+1
Using constructor injection and not using DI in unit tests is the way to
go, for exactly the reasons that Stephan describes.

On Tue, May 3, 2016 at 12:30 AM, Stephan Classen <[email protected]> wrote:

> If this is about testing:
> My recomendation is to use constructor injection. And then in the unit
> test I simply call the constructor. This way I have full controll over what
> is passed to the subject under test.
> As a consequence of this. I do not make use of dependency injection during
> unit testing. Which then removes the need to bind different objects for
> production and testing.
>
> Integration testing is different but there it is most of the time
> sufficient to change bindings to a few external resources such as DB, mail,
> etc.
>
>
> Am 3. Mai 2016 02:45:47 MESZ, schrieb Andree Surya <[email protected]
> >:
>>
>> Thanks for the responses.
>>
>> *"Look at guice-persist or onami-persist. They deal wir DB connections
>> which also need to be closed after it has been used. To do so they both use
>> the concept of UnitOfWork. The application is then responsible for spanning
>> the UnitOfWork around the code which needs the resource."*
>>
>> Thanks for the reference. *UnitOfWork* is a new concept to me and I'll
>> take some time to read on it.
>>
>> *"But in general I'd say binding something like a Reader is questionable.
>> I'd rather bind something stateless like a Path, which can be used to open
>> a Reader by whoever needs to."*
>>
>> My original intention was to make it easy replace a FileReader with a
>> StringReader during unit test, thus avoiding dependency to the file system.

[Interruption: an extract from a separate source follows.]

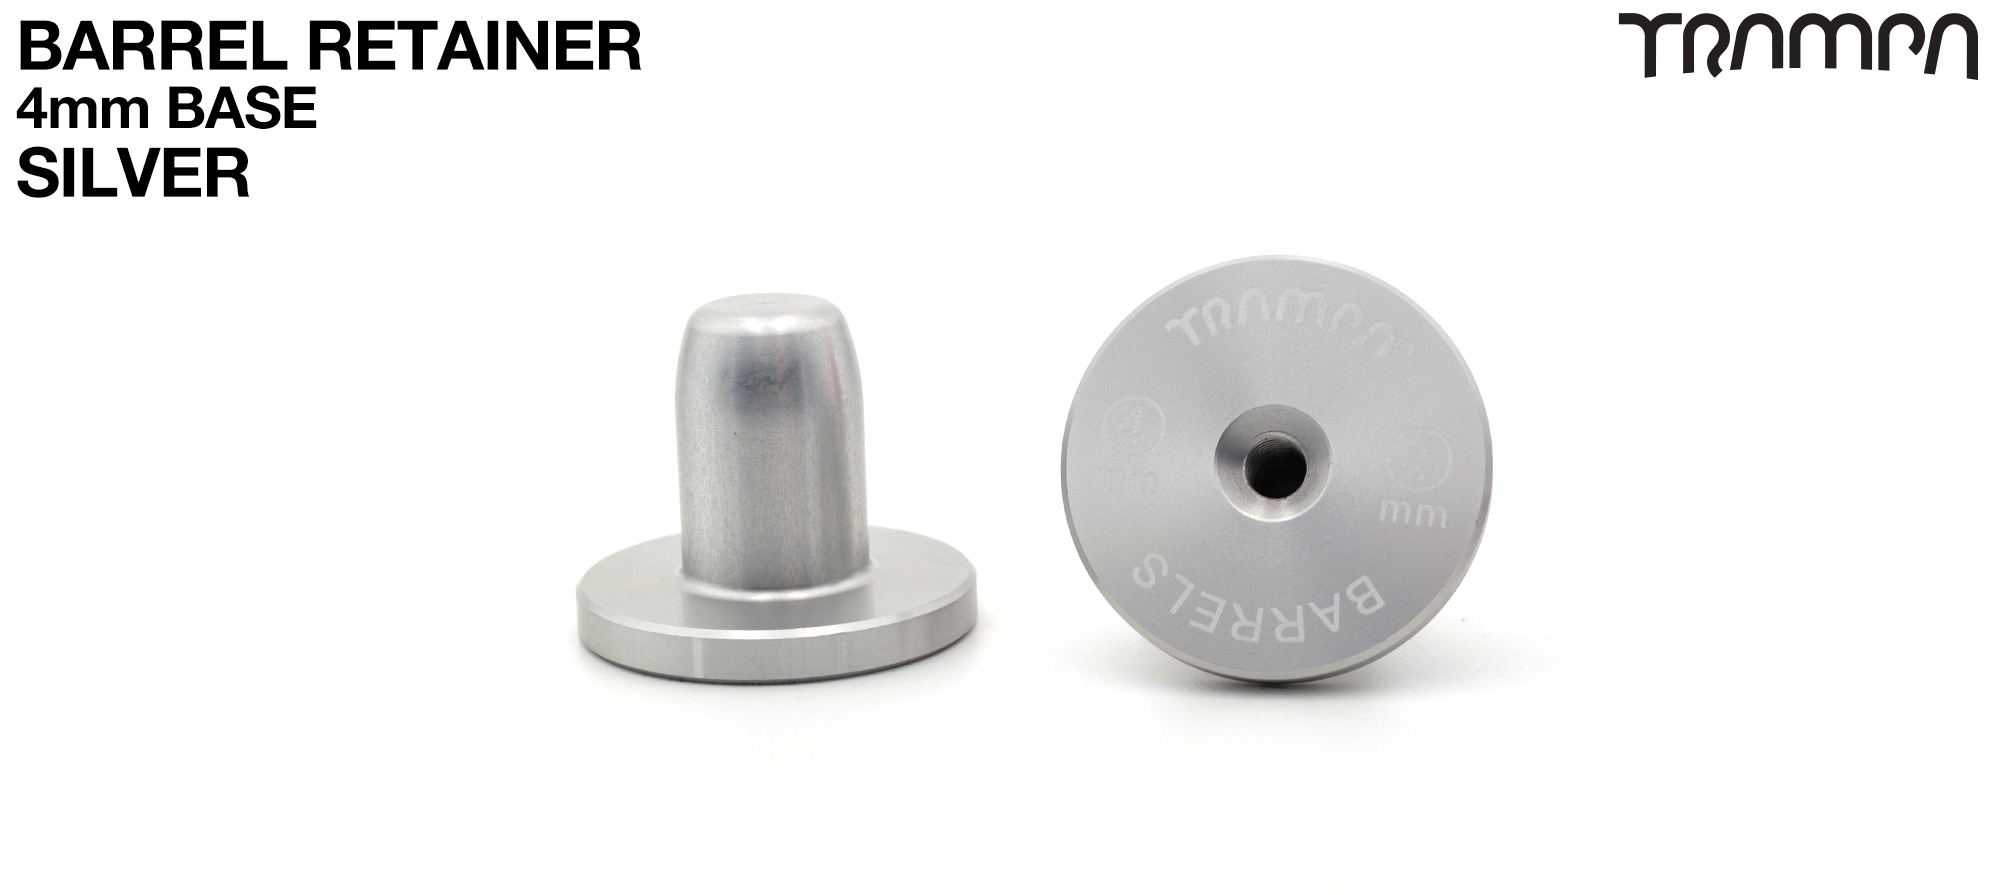 SILVER 4mm Barrel Retainers

>> I agree, though, that injecting a stateful object like a Reader could
>> possibly create confusion concerning state management. The Parser depends
>> on the Reader, but because the Reader is injected from outside, somebody
>> else could have messed it up (closing, moving the cursor, etc).
>>
>> *"bind something that can give you the resource rather than the resource
>> itself (unless the lifetime is super well defined, like
>> servletoutputstream). For example, guava ByteSource/CharSource would work
>> great."*
>>
>> Thank you, I think I'll proceed this approach. This way, I can can easily
>> replace file-based input source to an in-memory data during unit test,
>> while encapsulating the responsibility of opening/closing the stream within
>> the Parser object.
>>
>> Andree
>>
>> On Tue, May 3, 2016 at 3:44 AM Luke Sandberg <[email protected]>
>> wrote:
>>
>>> +1 to that.
>>>
>>> bind something that can give you the resource rather than the resource
>>> itself (unless the lifetime is super well defined, like
>>> servletoutputstream).  For example,  guava ByteSource/CharSource would work
>>> great
>>>
>>> On Mon, May 2, 2016 at 8:47 AM Tavian Barnes <[email protected]>
>>> wrote:
>>>
>>>> On Friday, 29 April 2016 19:40:44 UTC-4, Andree Surya wrote:
>>>>>
>>>>> Is it a commonplace to inject a resource that should be cleaned-up after 
>>>>> (e.g. Closable)? In general, who has the responsibility for the clean-up?
>>>>>
>>>>>
>>>> If the Reader is unscoped, then everybody who injects it gets a
>>>> different instance, so it's up to the class that injects it to close it.
>>>>
>>>> But in general I'd say binding something like a Reader is
>>>> questionable.  I'd rather bind something stateless like a Path, which can
>>>> be used to open a Reader by whoever needs to.